All the lines below should be set down exactly, with no picture carried into the copy.
::: Supplied data
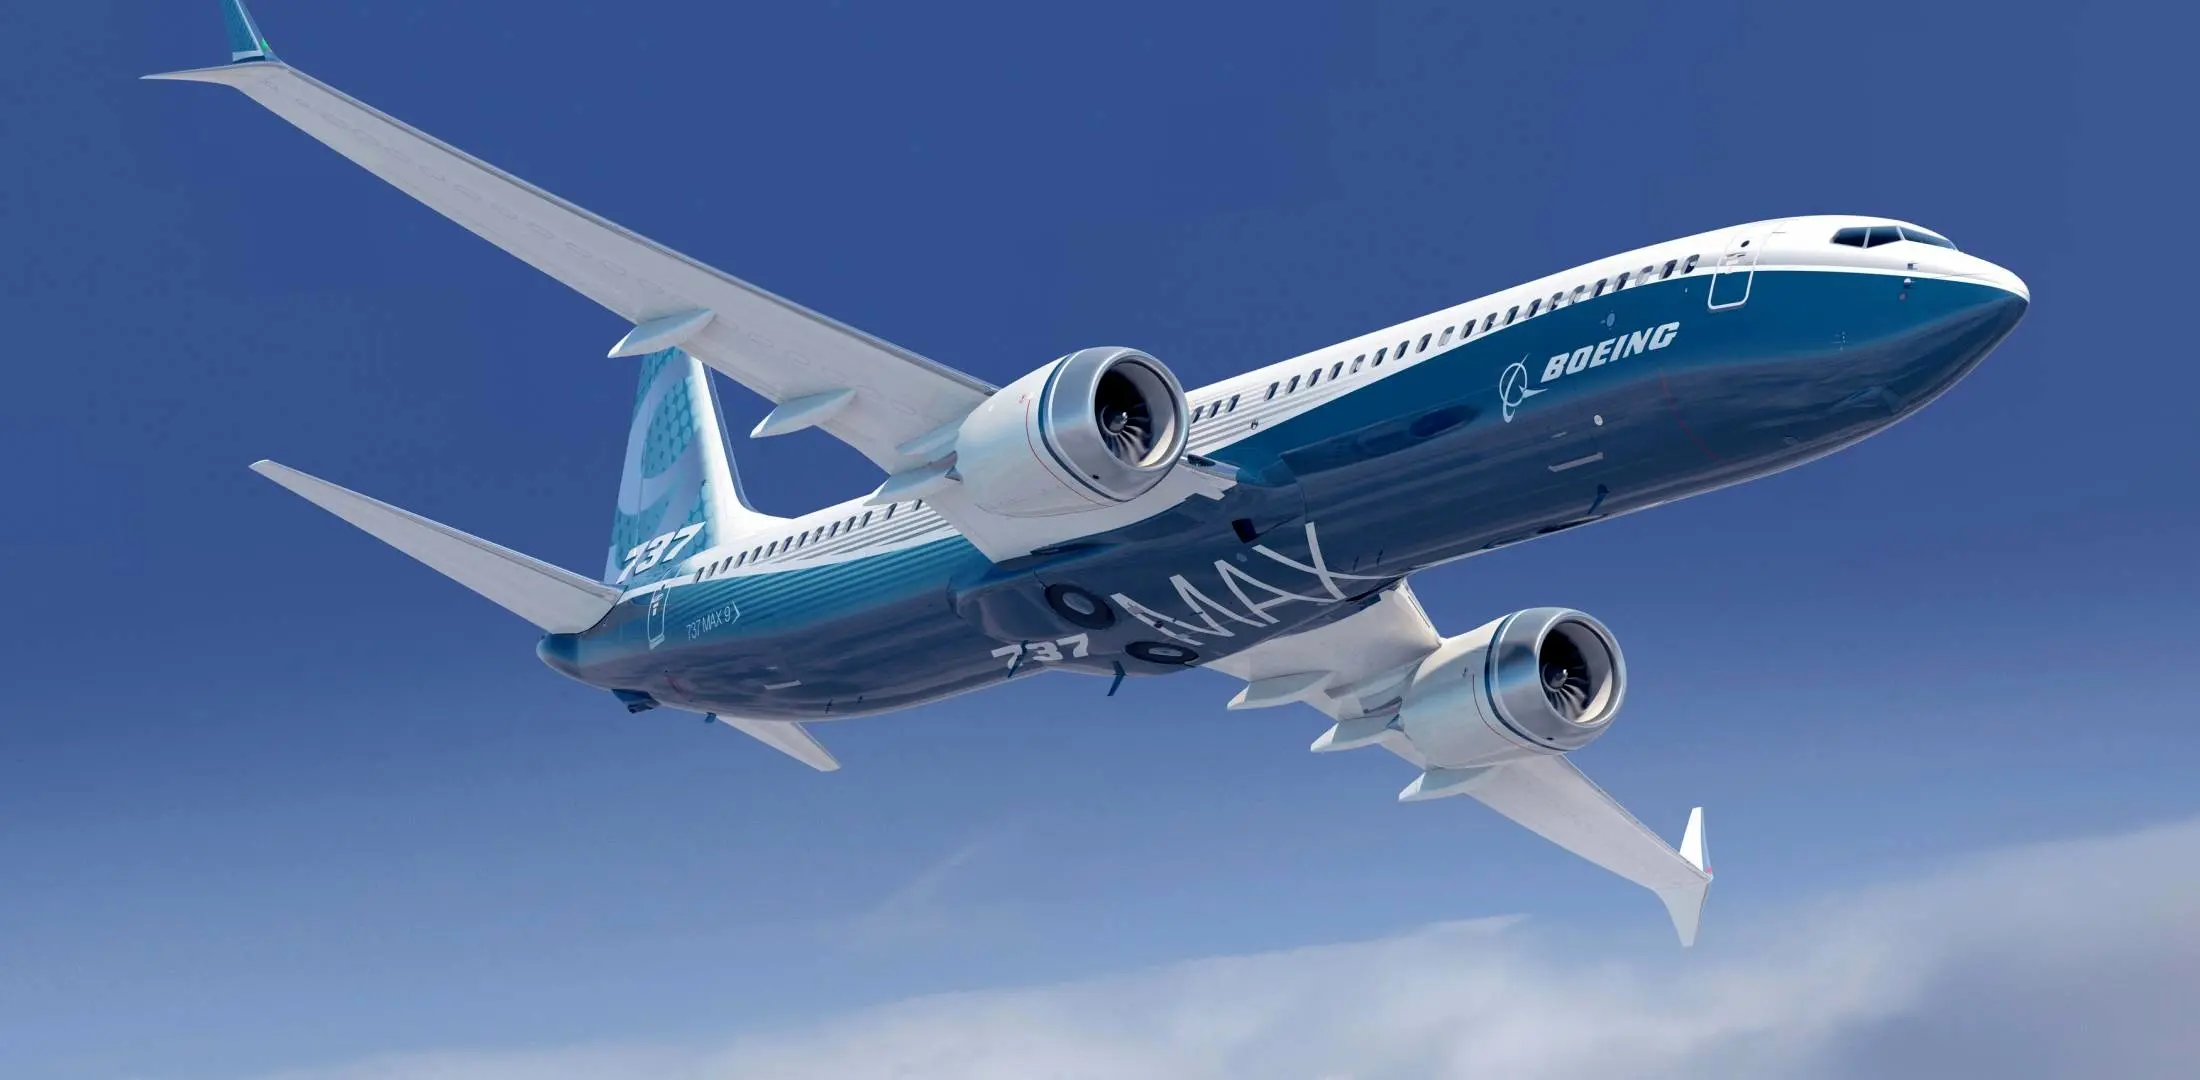 Boeing Admits Knowing About 737 MAX Issues Before Crashes
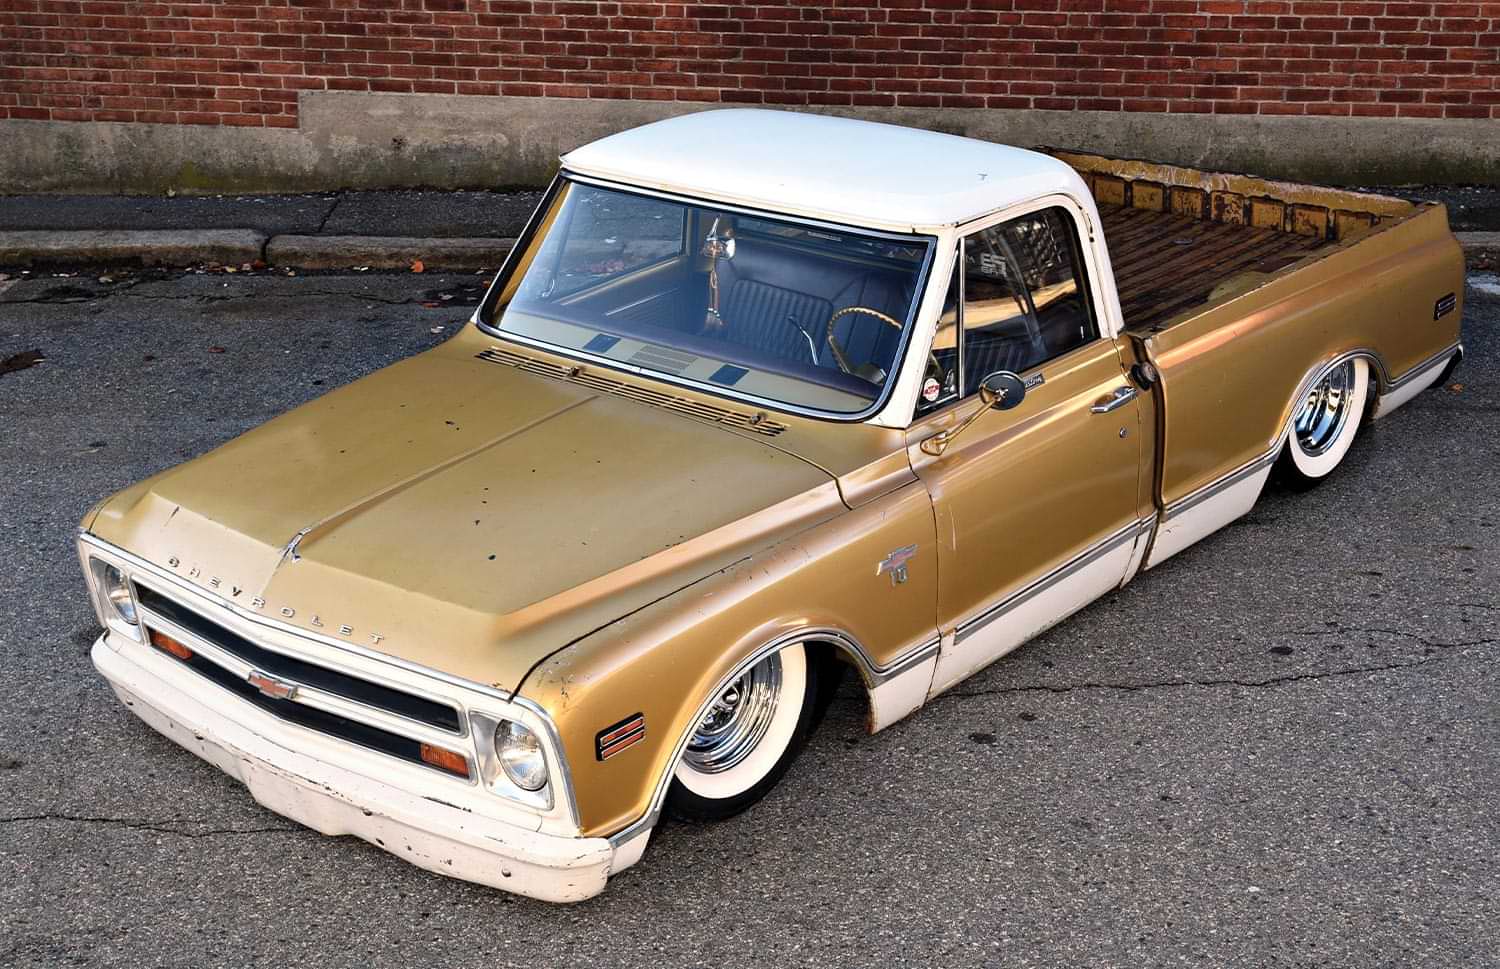 close birds eye view of the gold and ivory '68 C10 parked next to a red brick wall
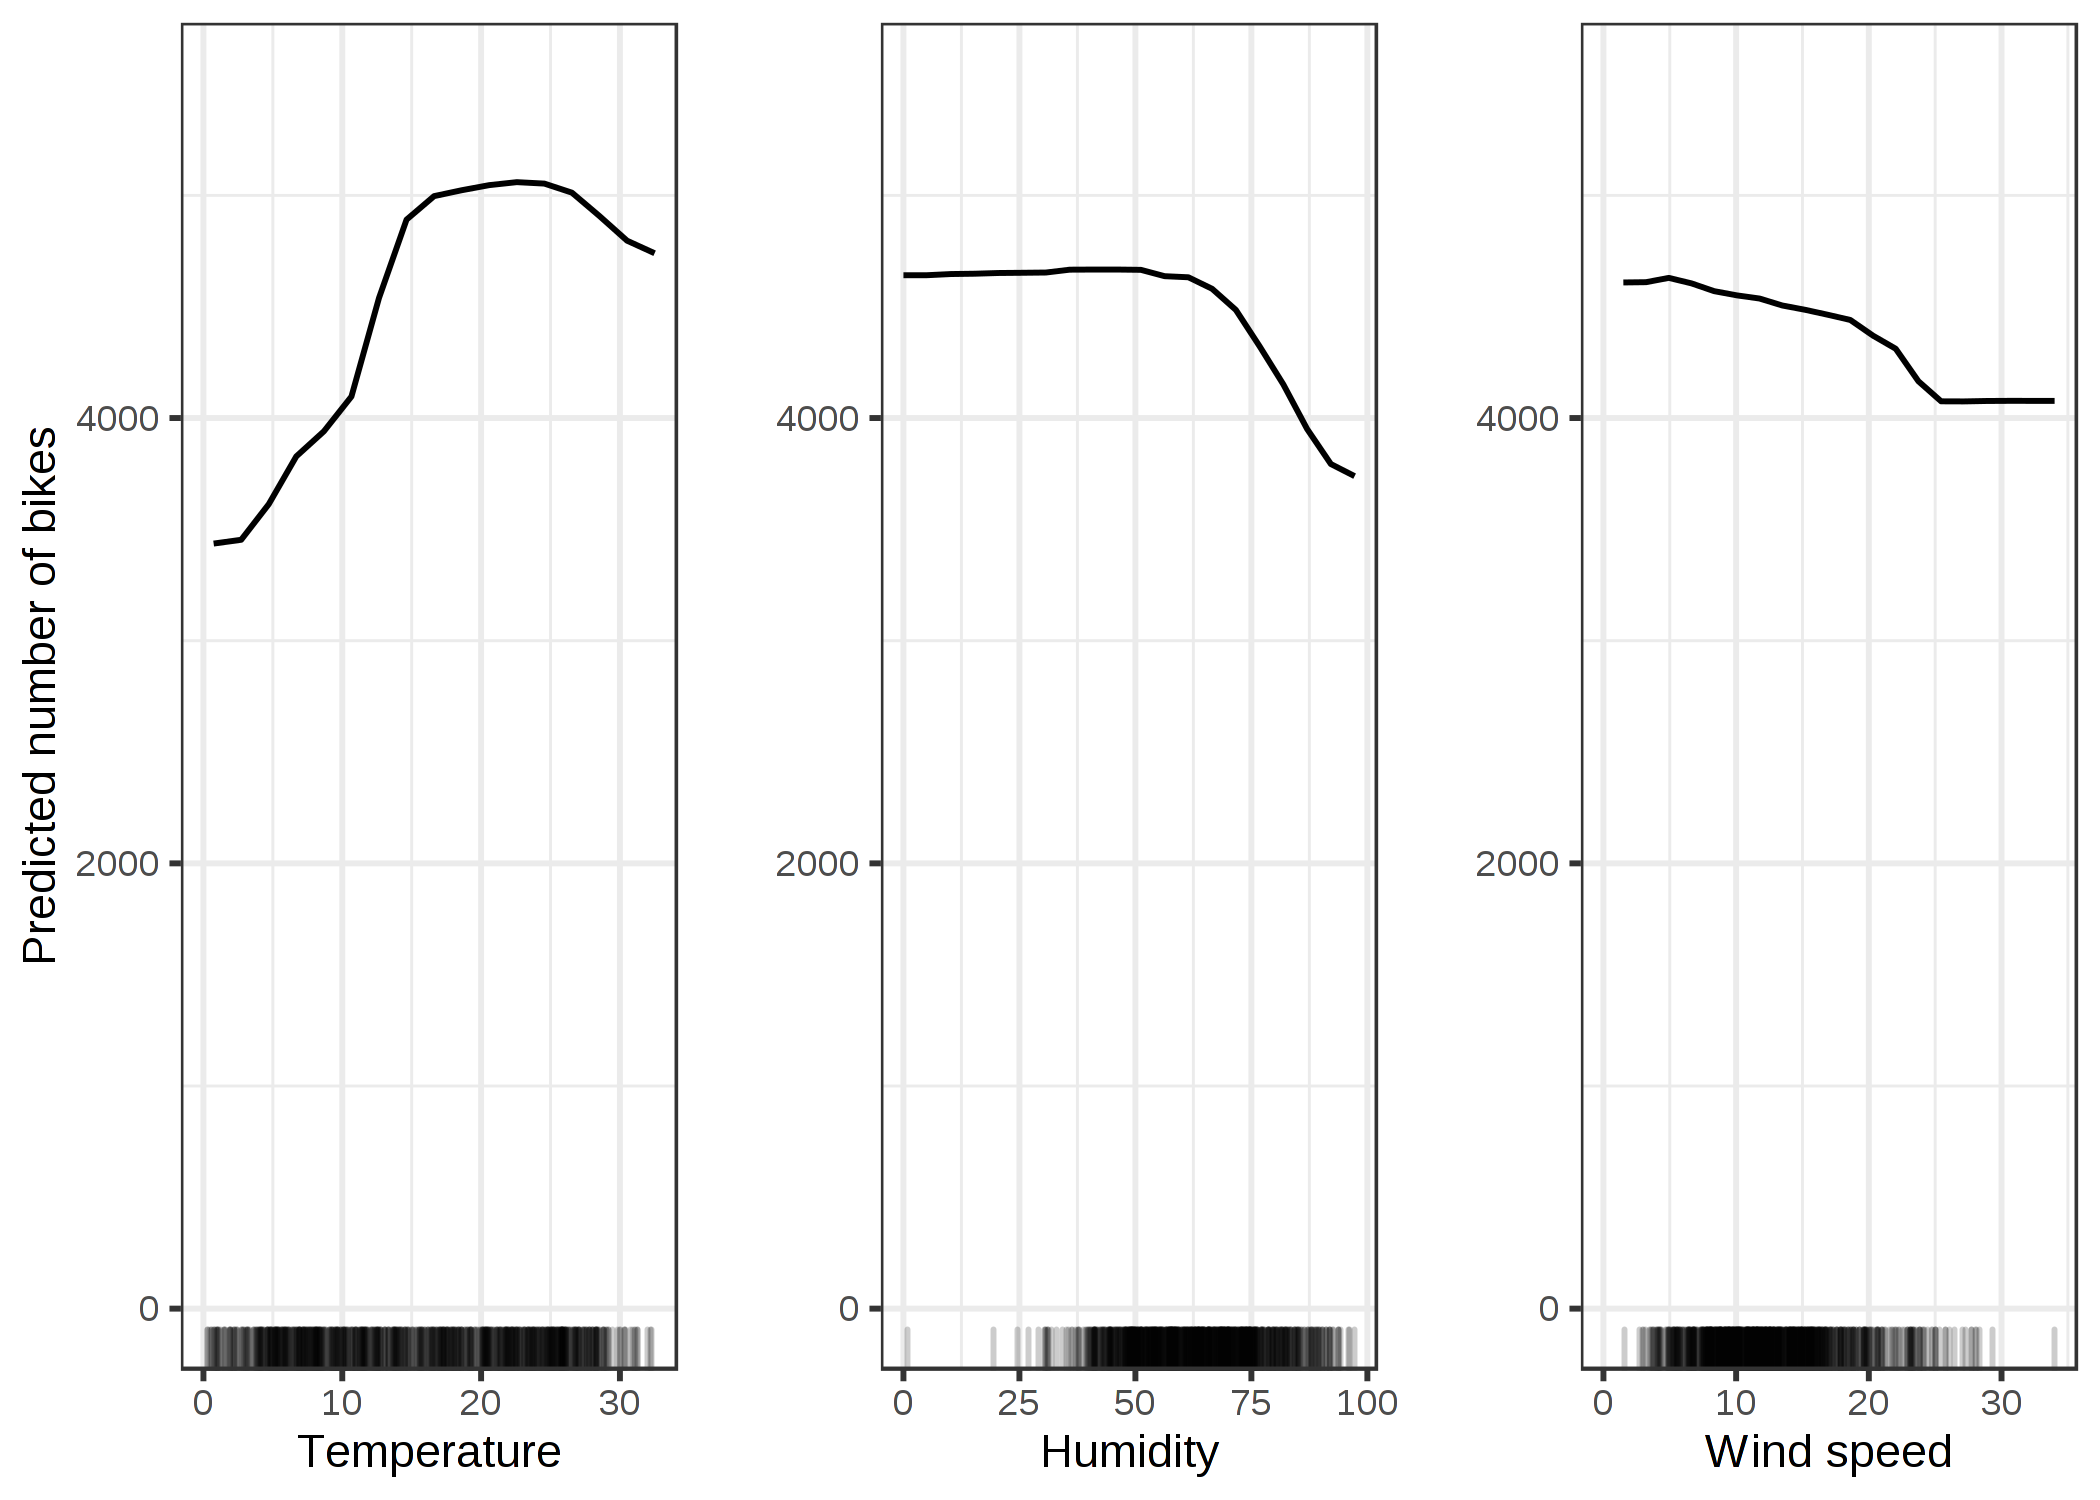 PDPs for the bicycle count prediction model and temperature, humidity and wind speed. The largest differences can be seen in the temperature. The hotter, the more bikes are rented. This trend goes up to 20 degrees Celsius, then flattens and drops slightly at 30. Marks on the x-axis indicate the data distribution.
::::::
Exercise solution –
 Boeing Admits Knowing About 737 MAX Issues Before Crashes
 close birds eye view of the gold and ivory '68 C10 parked next to a red brick wall
 PDPs for the bicycle count prediction model and temperature, humidity and wind speed. The largest differences can be seen in the temperature. The hotter, the more bikes are rented. This trend goes up to 20 degrees Celsius, then flattens and drops slightly at 30. Marks on the x-axis indicate the data distribution.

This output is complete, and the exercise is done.